3. The page processing method according to claim 1, wherein the determining a target page from the at least one current page based on the page status of the at least one current page includes:

if at least one unused page or expired page exists in the at least one current page based on the page state, taking the unused page or expired page as the target page;

And if the at least one current page is determined to be the unexpired page based on the use state, using the unexpired page with the earliest time in the at least one unexpired page as the target page.

4. The page processing method according to claim 1, characterized by further comprising:

And if at least one of the following conditions is detected, sequentially and respectively executing restarting operations on the at least one browser instance:

The current time reaches the set time;

the memory occupation of the at least one browser instance in the browser reaches a preset threshold;

wherein, for each browser instance, the restart operation includes:

And determining the number of pages in the browser instance, initializing the browser instance, and creating new pages corresponding to the number of pages in the initialized browser instance.

5. The page processing method as recited in claim 4, further comprising:

Marking a browser instance in the process of executing the restarting operation; the page marked for representing the browser instance cannot be used as the page for generating the screenshot;

6. The page processing method of claim 4, wherein the at least one browser instance is restarted via at least one container; each container is used for running at least one browser instance;

And sequentially and respectively restarting the at least one browser instance, wherein the method comprises the following steps:

respectively determining a first restarting time corresponding to each container; the first restart time is a start restart time of the container;

7. The method of claim 6, wherein determining the first restart time for each container respectively comprises:

determining the restarting starting moment of the browser instance;

Determining a first restarting time corresponding to each container in sequence based on the restarting starting time, the first quantity of at least one container and a first preset time interval;

The determining, for each container, a second restart time for each browser instance in the container, comprising:

for each container, determining a second restart time of each browser instance in each container in turn based on the first restart time of each container, a second number of browser instances in each container, and a second preset time interval.

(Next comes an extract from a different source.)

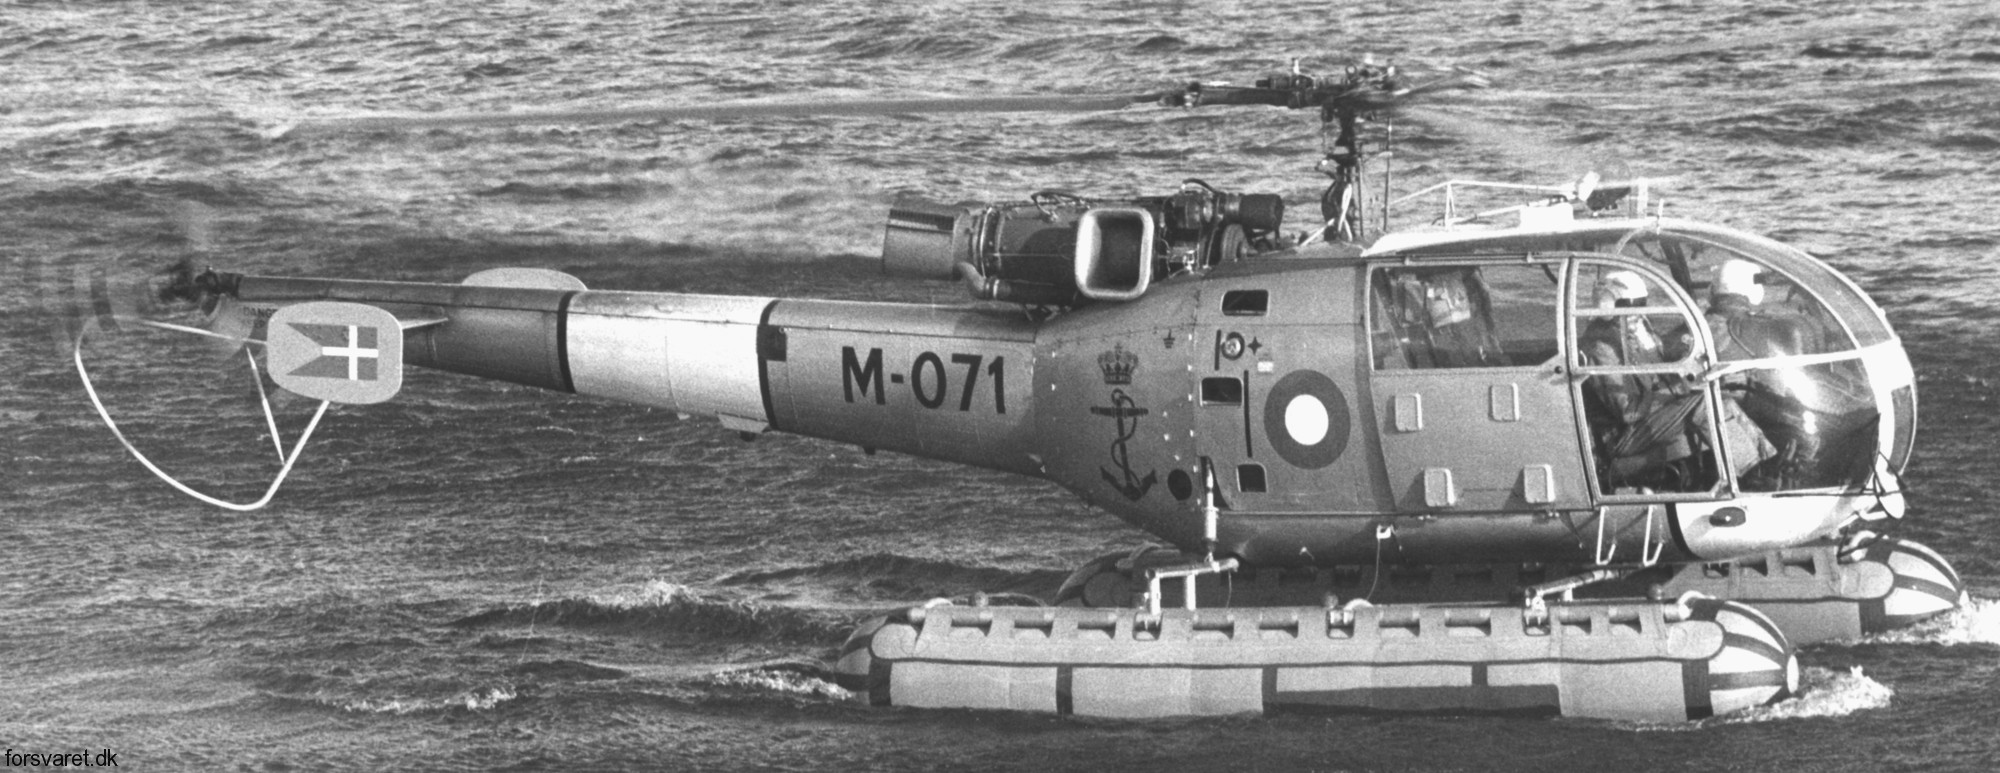 sa 316b alouette iii helicopter royal danish navy søværnet kongelige danske marine sud aviation m-071 21

8. The page processing method according to claim 1, characterized by further comprising:

If the currently running page is not obtained, storing the page screenshot request aiming at the target URL into a request task queue;

and if the screenshot generating notification is received, processing a page screenshot request which is stored in the request task queue earliest.

9. The method of claim 1, wherein the rendering the target URL with the target page generates a screenshot for the target URL, comprising:

rendering the target URL by adopting a target page, and recording a time stamp for starting rendering;

then after the time stamp to begin rendering, delaying the delay duration to generate a page screenshot for the target URL.

10. A page processing apparatus, comprising:

the determining module is used for determining a target page from the at least one current page based on the page state of the at least one current page if the cache page of the target URL does not exist in the current page of the at least one browser instance; the page state comprises an expired page, an unexpired page or an unused page;

And the rendering module is used for rendering the target URL by adopting the target page and generating a screenshot aiming at the target URL.

11. An electronic device comprising a memory, a processor and a computer program stored on the memory, characterized in that the processor executes the computer program to carry out the steps of the page processing method of any one of claims 1-9.

12. A computer readable storage medium having stored thereon a computer program, which when executed by a processor performs the steps of the page processing method of any of claims 1-9.